Firstly, the benefits accrue not only to investors (who are incidentally, oftentimes foreign) but also to consumers. Both are numerous categories: the vast majority of Americans are investors, and all are consumers. Most Americans benefit thus, even if you assume that a SMALL number of workers lose in the SHORT-run.

Secondly, you take workers as an immutable entity. They are not: displaced workers in outdated industries do not become permanently unemployed: they find other jobs.

Thirdly, the very criterion you employ to compute benefits is faulty. Consider, for instance, the IT sector. The decades-long shortage of labor in that are translated into premium paid to programmer over what they would get in the absence of shortage.
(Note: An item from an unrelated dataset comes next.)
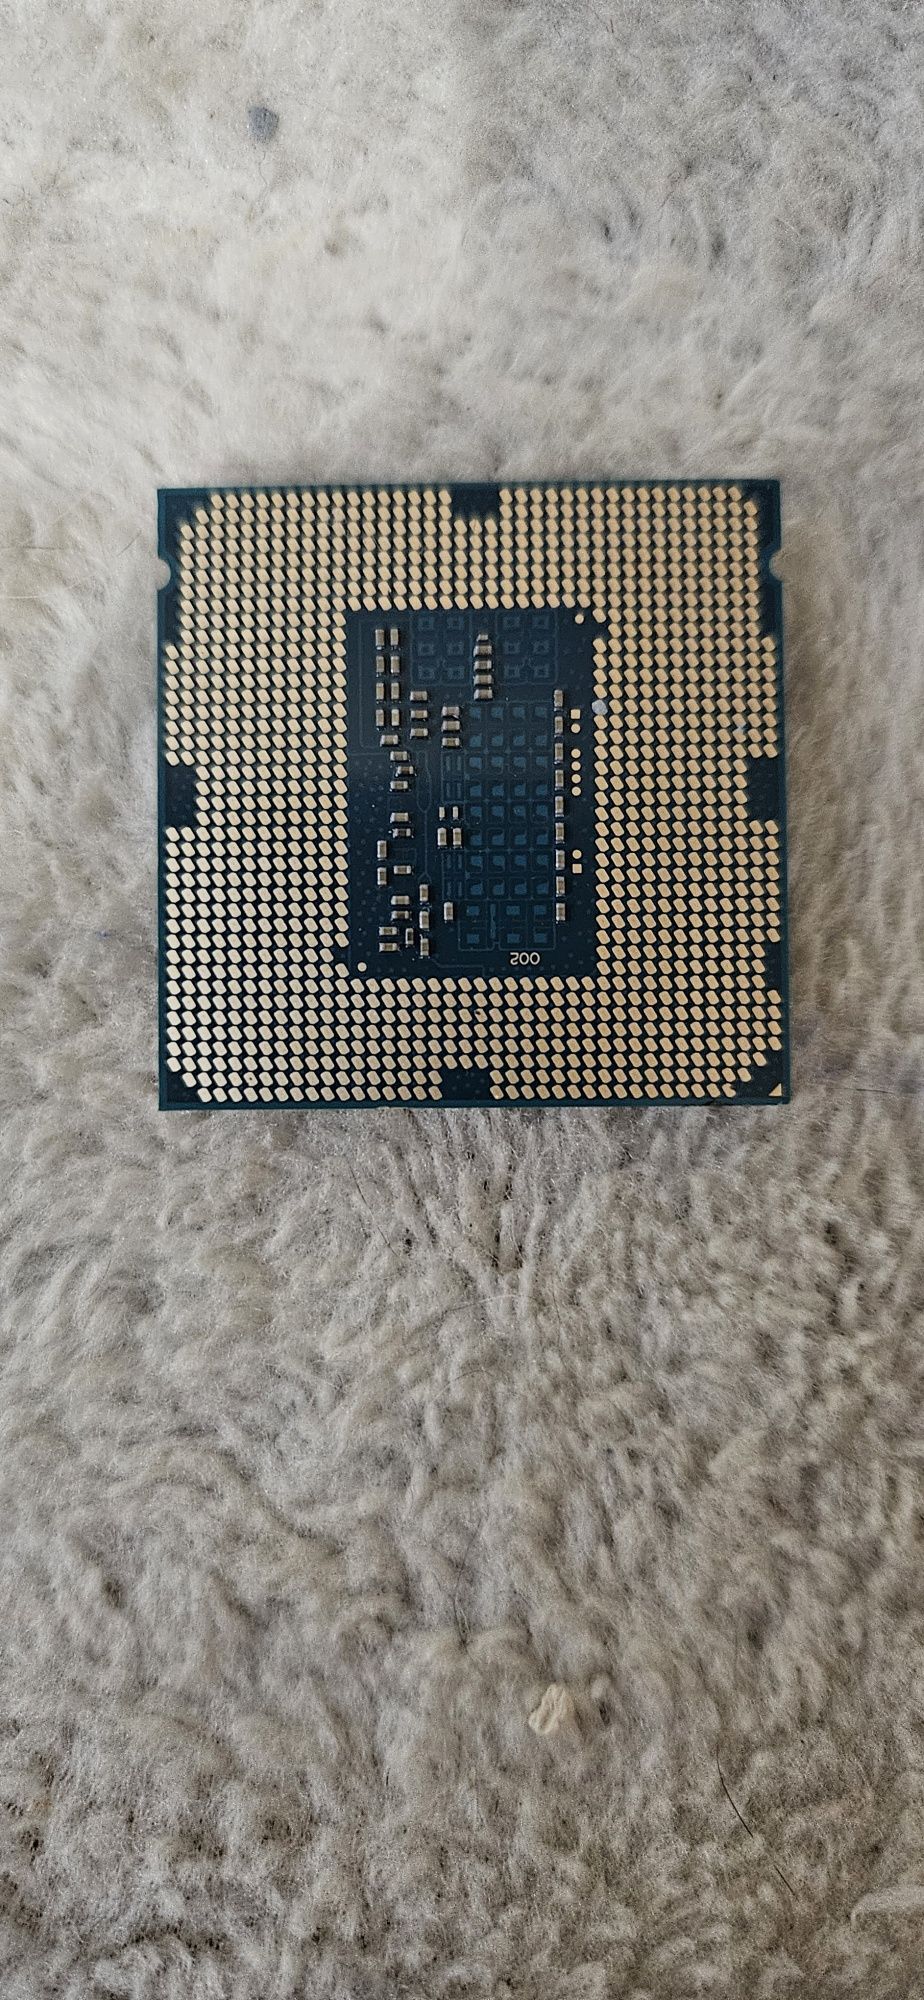 Intel Core i5 4570s
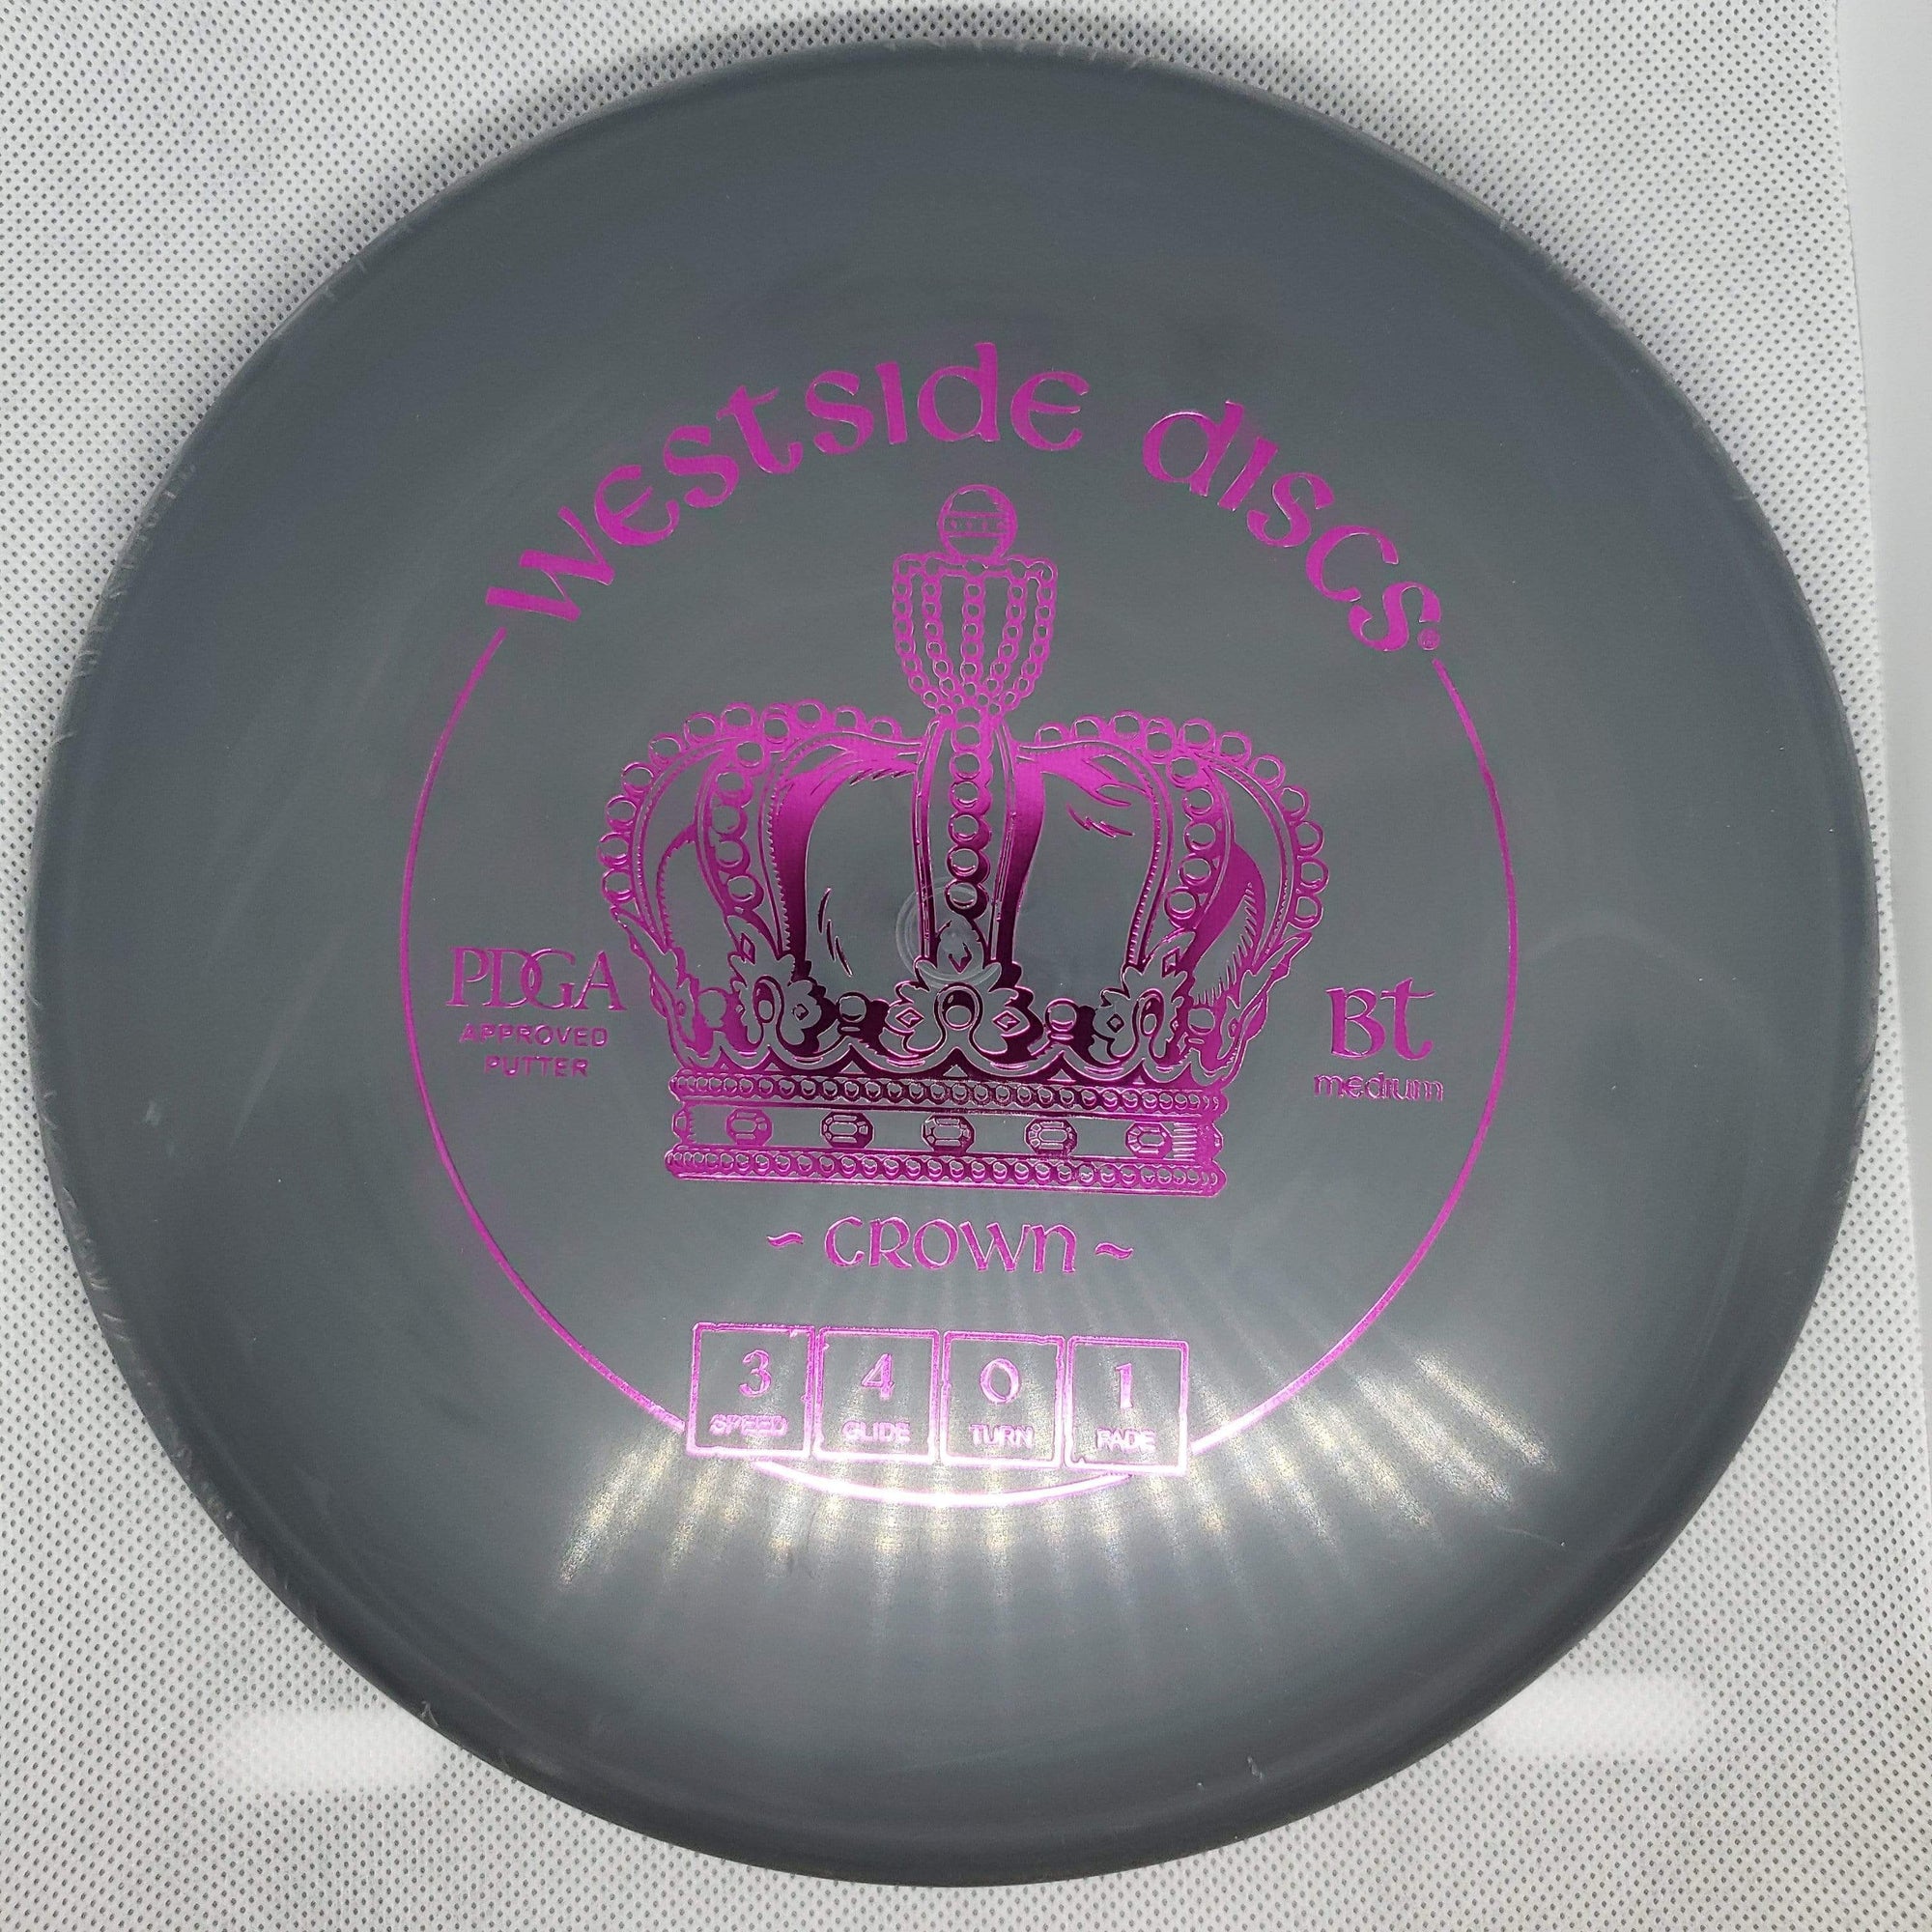 Westside Discs Putter Pink Red Stamp 173g BT Medium Crown

Now the internet has enabled employers to outsource some of that work, and programmers' wages well. Does that hurt American workers?

YOu answer in the positive: wages fell, hence workers are hurt. But that includes the tacit assumption that the previous wages were somehow justified. One can easily say that the present, lower wages are normal, and the previous ones were unreasonably high (due to shortage). It was AMERICAN consumers and AMERICAN investors (pretty much everybody who has any savings at all) who subsidized --- and for decades were held hostage by --- programmers and other IT specialist.

In sum, you make a rather popular error of only looking that the LATEST change to assess the situation. That is a fallacy. If you confiscate from me $1M, that is not necessarily a robbery: I may have previously robbed the bank and was not entitled to that money. You will not be able to deduced that, however, if you only look at the latest change.

However, the process of globalization is unstoppable and it's utopian to think that much can be done to help either the American worker or the environment until the process of worldwide equalization of standards, living conditions, and legal structures progresses much further than at present.

This is another popular misconception, rather popular in the socialist (morern-day liberal circles). The "equalization" occurs in a dynamical system only if it is closed. Neither the humankind nor America is a closed system, and no equalization is mandatory. The process of globalization has been in place forever, and we have never been anywhere close to what may be viewed as equality of living standard and even less similarity of social institution.

Don't feel bad: Lenin too fell for the same error.

What does a liberal --- and, judging by your remarks, VERY liberal Larry is doing on a conservative forum?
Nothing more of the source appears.